Thomas Guggeis impressed me greatly this spring, standing in at the very last minute to make his house debut in Salome – and rightly receiving plaudits for having done so. On this occasion, it seems, he had a little longer if not so very long to prepare to replace another indisposed conductor. This was perhaps the sterner test, since he was more of a known quality and less of a hero of the moment. Whatever the truth of that, he once again emerged with great credit. For one so young – for one of any age – he seems instinctively, however much craft such ‘instinct’ might hide, to know how to ‘play’ this great orchestra, the Staatskapelle Berlin. It obliged with its statutory dark, ‘old German’ sound, apparently untouched by the ravages of Western orchestral homogenisation. It might have been the orchestra that played for Furtwängler – or, indeed, that does for Barenboim. There was no stiffness to Guggeis’s direction: quite the contrary. Difficult balances were always well struck: between the Romantically ‘organic’ and the needs of the number opera, of the moment too, between Mozartian inheritance and Wagnerian future – clarinet solos standing out as much as horn calls – and between ‘French’ and ‘German’. We should never forget, however often German nationalists may have wished to do so, that the Huntsmen’s Chorus is based upon an eighteenth-century French street song, ‘Malbrouk [Marlborough] s’en va t’en guerre’.
Moreover,
the grandeur and ambition of work, production, and orchestral performance
notwithstanding, not to forget the work of the excellent chorus, there was
something winningly intimate, in the opéra
comique tradition to what we saw and heard from the singers on stage. That
is not to suggest a lack of vocal scale, but simply to point to their
convincing performances as characters on stage.
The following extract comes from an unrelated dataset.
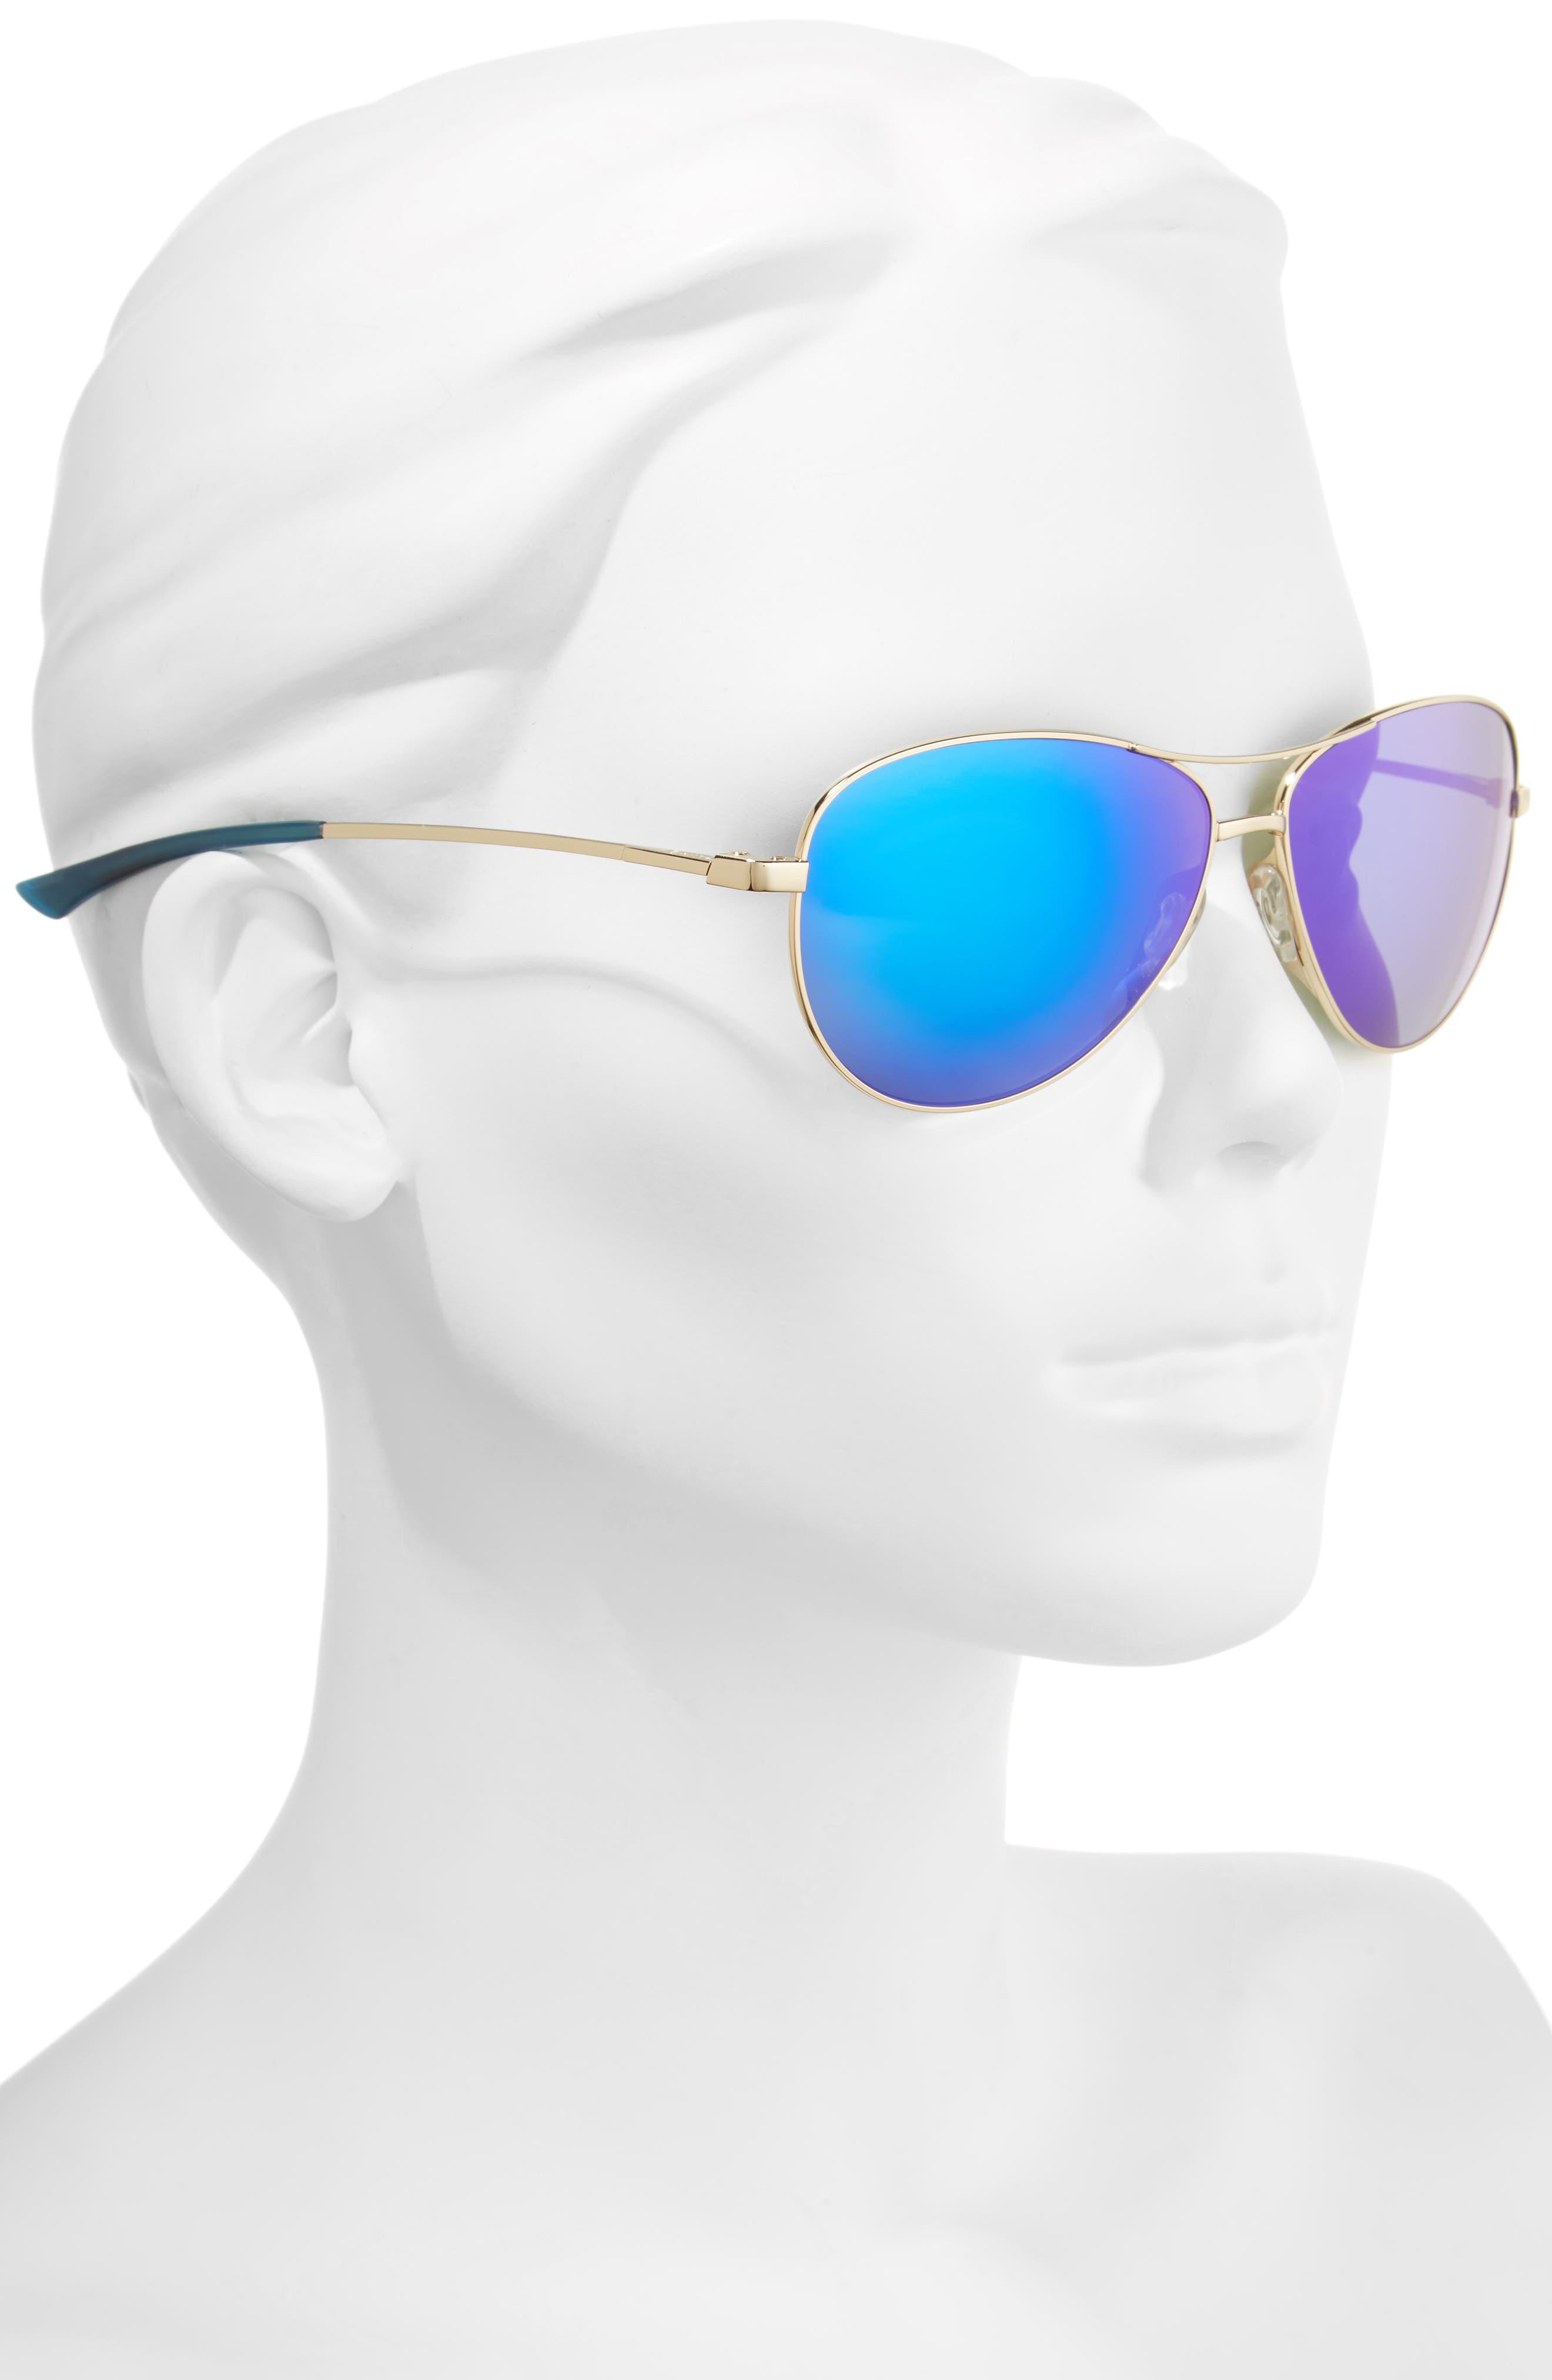 'Langley' 60mm Aviator Sunglasses,                             Alternate thumbnail 2, color,                             GOLD/ BLUE

If Roman Trekel and Wolfgang
Schöne both proved somewhat dry and stiff, the rest of the cast more than
compensated. Peter Sonn’s Max
was fresh toned, enthusiastic, vulnerable, Falk Struckmann’s Kasper very much
his dark, virile antagonist (even, in this context, alter ego?) Anna Samuil gave perhaps the strongest performance I
have heard from her as Agathe, exhibiting a fine sense, scenic and vocal, of tragic
catastrophe before the last. Anna Prohaska’s more colourful, spirited Ännchen,
despatched words and coloratura not only with ease but with intent and meaning.
Performed in this new ‘version’ without an interval, the work emerged,
Goldilocks-like, just right: neither too short nor too long. That, however,
should remain a dark fairy-tale for another day.